Re: [RFC] persistent store (version 3) (part 1 of 2)

From: Borislav Petkov
Date: Wed Dec 08 2010 - 01:24:54 EST


Hey Tony,

looks good. Minor nitpicks below.

On Mon, Dec 06, 2010 at 10:29:43AM -0800, Luck, Tony wrote:
> Generic code for a "persistent store" file system as an interface
> to provide a friendly user level ABI to platform specific drivers
> for that access to some form of non-volatile storage that can be
> used to save the dying words of an OS instance and make them
> available after the reset/reboot.
>
> Signed-off-by: Tony Luck <tony.luck@xxxxxxxxx>
>
> ---
>
> Part 2 (smaller Cc: list) has the changes to the X86 ACPI/APEI/ERST
> code that makes use of this.
>
> Version 3 drops use of /sys and the "daft" "erase" file that is used
> to clear entries from the persistent store.

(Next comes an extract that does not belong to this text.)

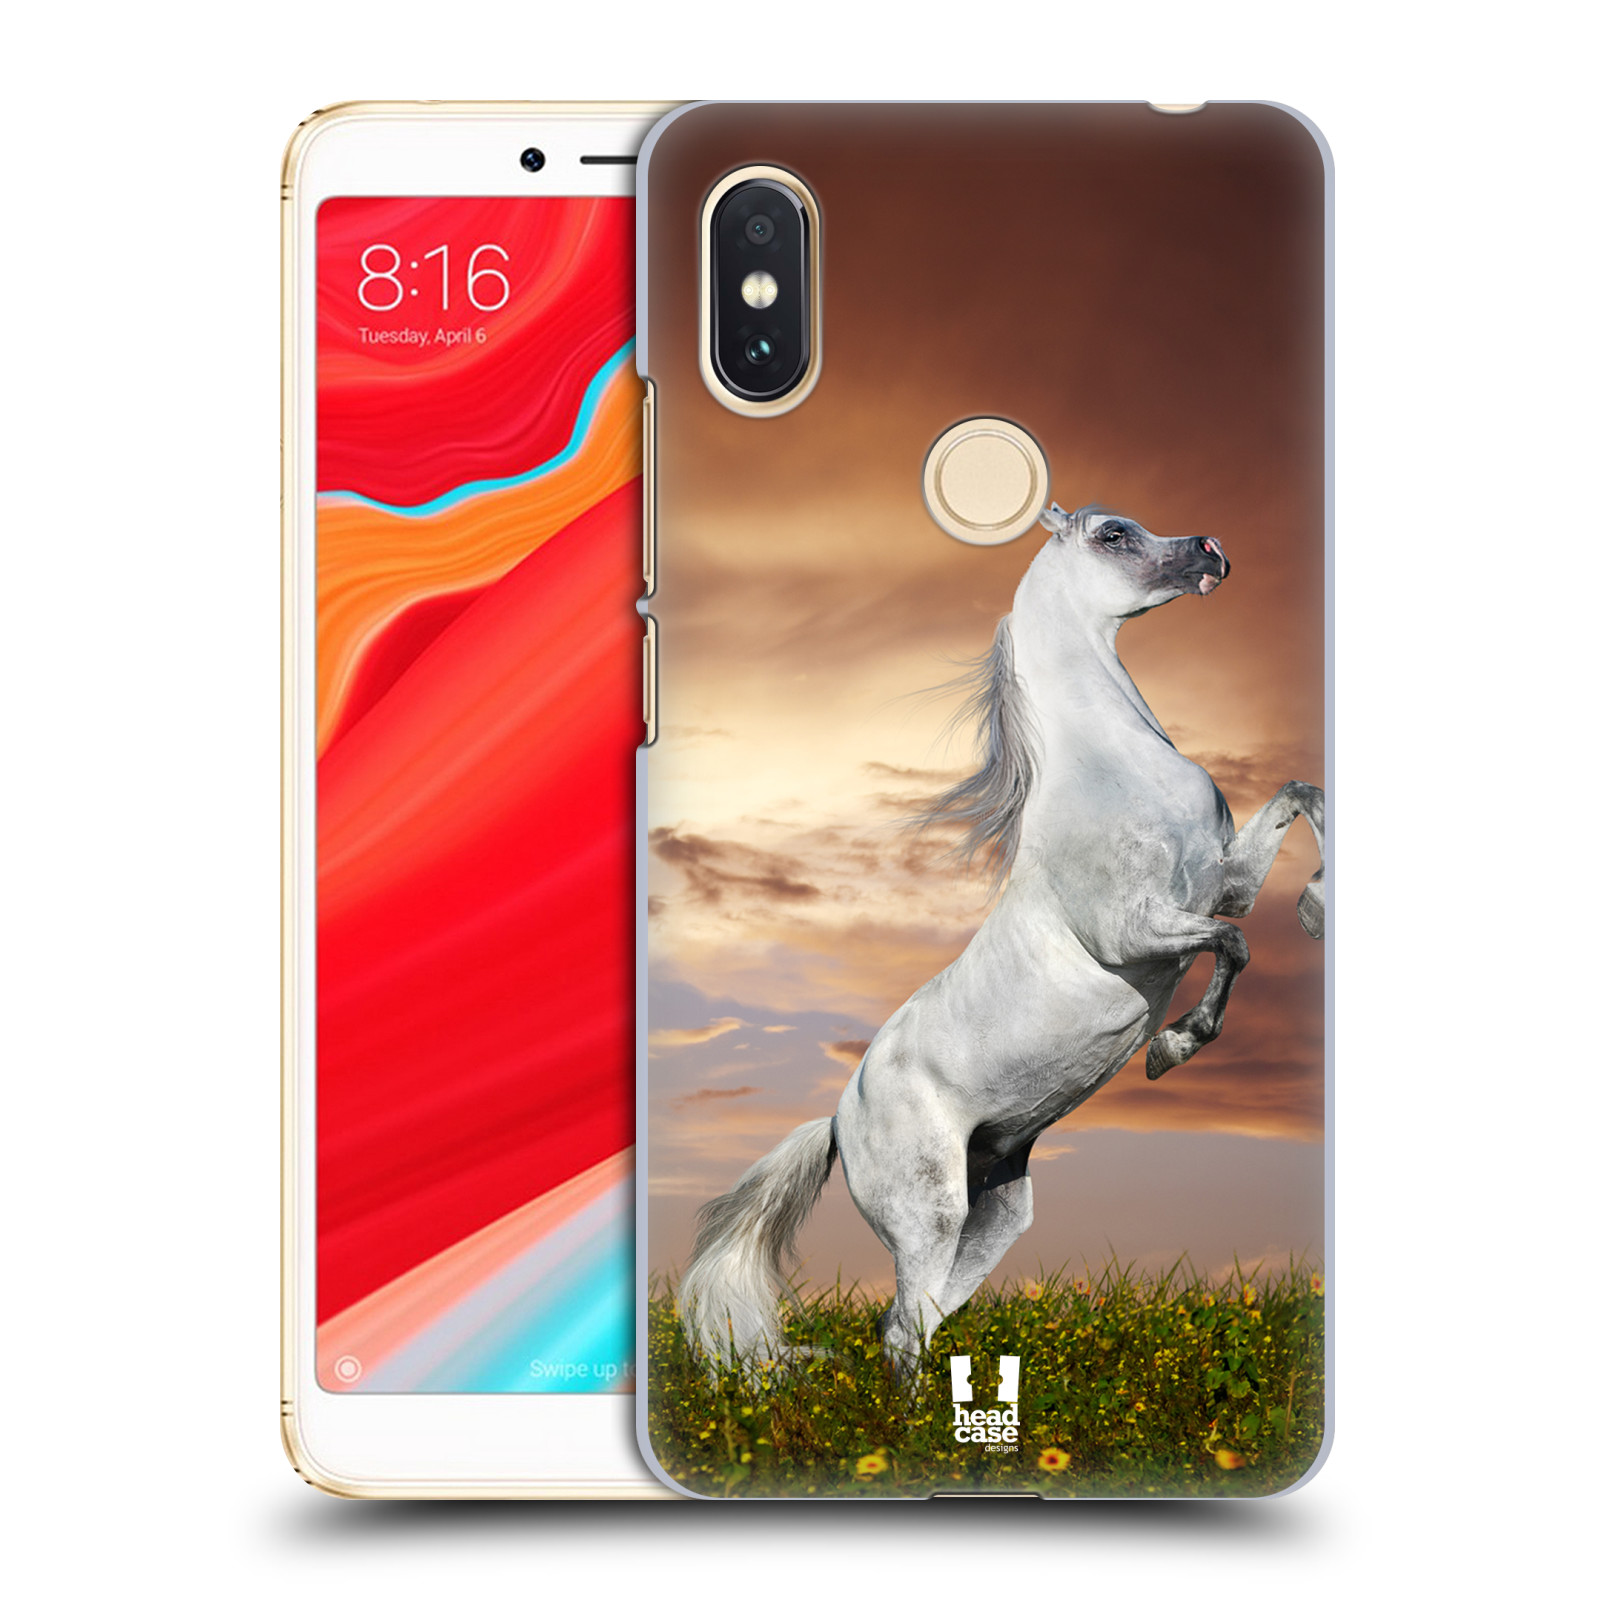 HEAD CASE plastový obal na mobil Xiaomi Redmi S2 vzor Divočina, Divoký život a zvířata foto DIVOKÝ KŮŇ MUSTANG BÍLÁ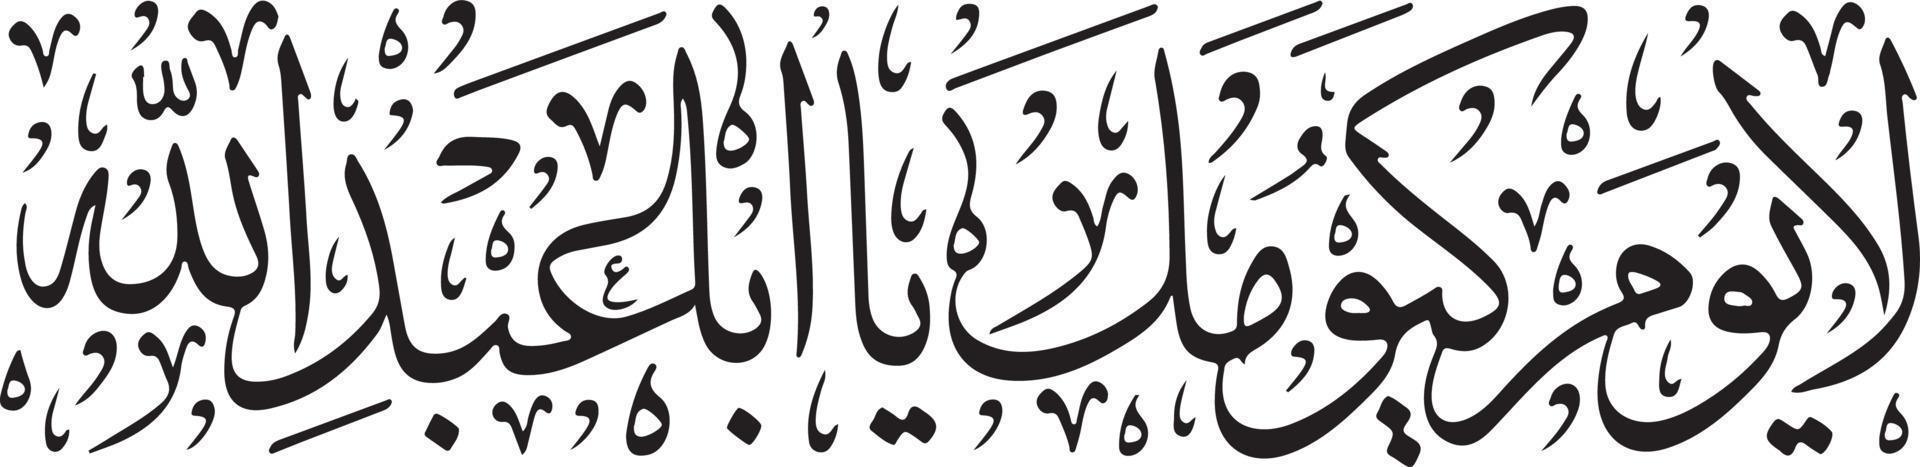 arbi titel islamische urdu arabische kalligraphie kostenloser vektor

This version uses the much
> more natural "rm file" to delete entries from the platform store. This
> code is based on fs/ramfs - with most operations removed (cannot make
> new files, directories, symlinks, hook for unlink to pass the erase
> command down to the platform layer.
>
> The bit that I think needs most eyeballs is pstore_mkfile() where I push
> the data from the persistent store into the file. I couldn't find any
> examples where other kernel code does this to copy - so I made it up.
> Questions I have:
> 1) Is "struct file" too big to be on the stack? I can change it to kmalloc() it.

Well, this happens during normal operation when we init the pstore and
since we don't need it after pstore_mkwrite has returned (do we?), I
guess we should be fine.

> 2) Did I get all the bits I need to fake a write to the file?
> 3) Is this whole thinng OK, or is there a better way? Peter had suggested
> that I use aops->write_begin() & aops->write_end(). But I got lost in
> the fs/vm code calling sequence working out what I'd need to set up
> before calling these - using do_sync_write() seemed a lot easier, but
> I've learned that "easy" is quite often not "right" :-)
>
> Here's what the user sees now:
>
> # ls -l /dev/pstore
> total 16
> -r--r--r-- 1 root root 7896 Dec 3 10:56 dmesg-erst-5546531799825383425
> # grep RIP: /dev/pstore/dmesg-erst-5546531799825383425
> <4>[ 552.268202] RIP: 0010:[<ffffffff812a3a25>] [<ffffffff812a3a25>] sysrq_handle_crash+0x16/0x20
> # rm /dev//pstore/dmesg-erst-5546531799825383425
>
>
> diff --git a/Documentation/ABI/testing/pstore b/Documentation/ABI/testing/pstore
> new file mode 100644
> index 0000000..717fddb
> --- /dev/null
> +++ b/Documentation/ABI/testing/pstore
> @@ -0,0 +1,35 @@
> +Where: /dev/pstore/...
> +Date: January 2011
> +Kernel Version: 2.6.38
> +Contact: tony.luck@xxxxxxxxx
> +Description: Generic interface to platform dependent persistent storage.
> +
> + Platforms that provide a mechanism to preserve some data
> + across system reboots can register with this driver to
> + provide a generic interface to show records captured in
> + the dying moments. In the case of a panic() the last part

"panic" (I'd remove the
brackets)

> + of the console log is captured, but other interesting
> + data can also be saved.
> +
> + # mount -t pstore - /dev/pstore
> +
> + $ ls -l /dev/pstore
> + total 0
> + -r--r--r-- 1 root root 7896 Nov 30 15:38 dmesg-erst-1
> +
> + Different users of this interface will result in different
> + filename prefixes. Currently two are defined:
> +
> + "dmesg" - saved console log
> + "mce" - architecture dependent data from fatal h/w error
> +
> + Once the information in a file has been read, removing
> + the file will signal to the underlying persistent storage
> + device that it can reclaim the space for later re-use.
> +
> + $ rm /dev/pstore/dmesg-erst-1
> +
> + The expectation is that all files in /dev/pstore
> + will be saved elsewhere and erased from persistent store
> + soon after boot to free up space ready for the next
> + catastrophe.

"next catastrophe", hehe, this sounds very optimistic :)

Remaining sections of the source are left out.